TASK DETAILS: Exactly the lines from the one containing "Chambre Coucher Beige" through the one containing "Angela DiStasio" in the listing below are to be copied, with the pictures left out.

PROVIDED INFORMATION:
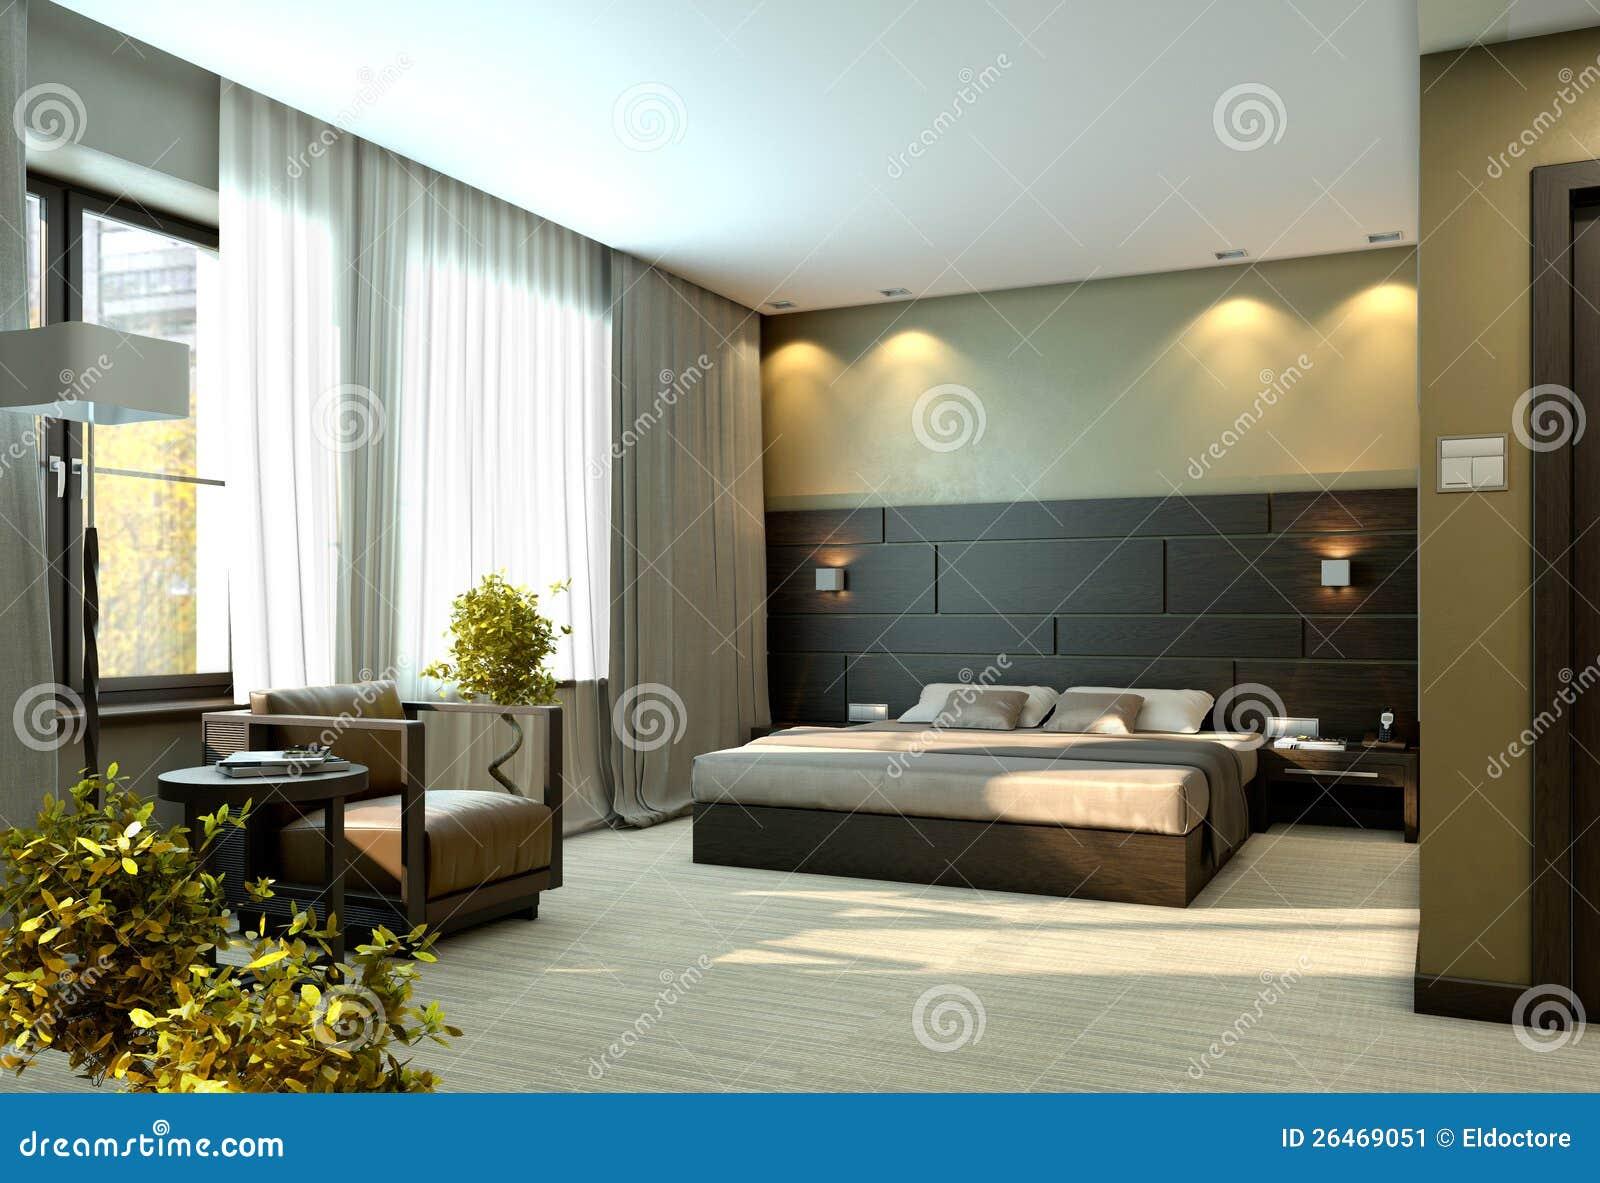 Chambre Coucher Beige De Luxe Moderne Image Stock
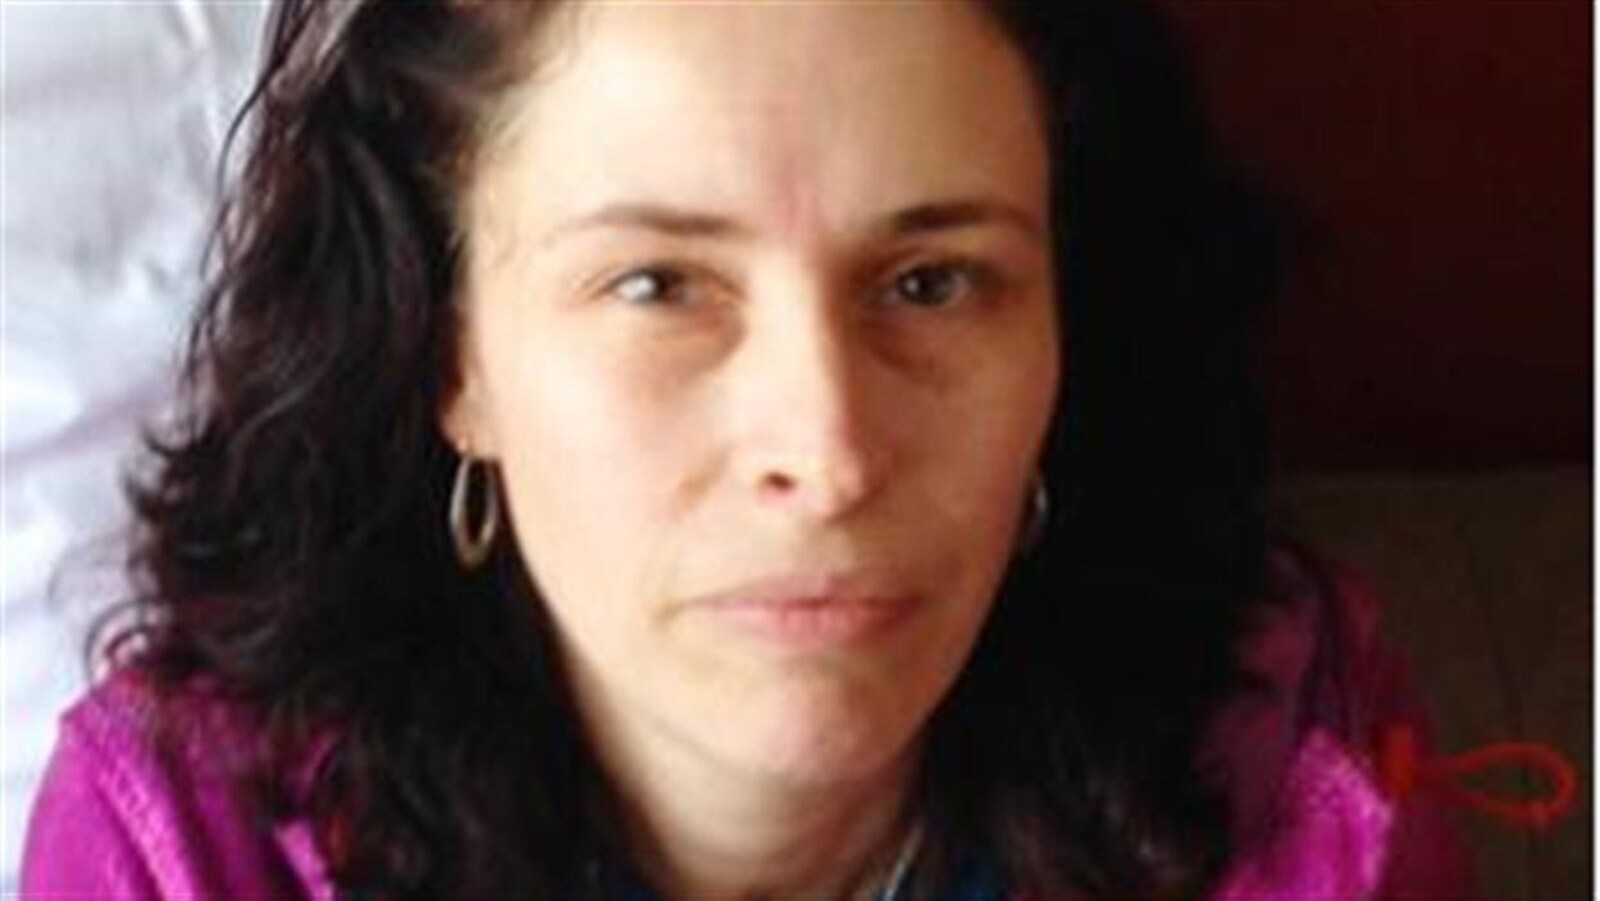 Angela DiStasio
==
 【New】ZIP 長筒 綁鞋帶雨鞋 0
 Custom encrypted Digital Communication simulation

SOLUTION FOR THIS EXERCISE:
 Chambre Coucher Beige De Luxe Moderne Image Stock
 Angela DiStasio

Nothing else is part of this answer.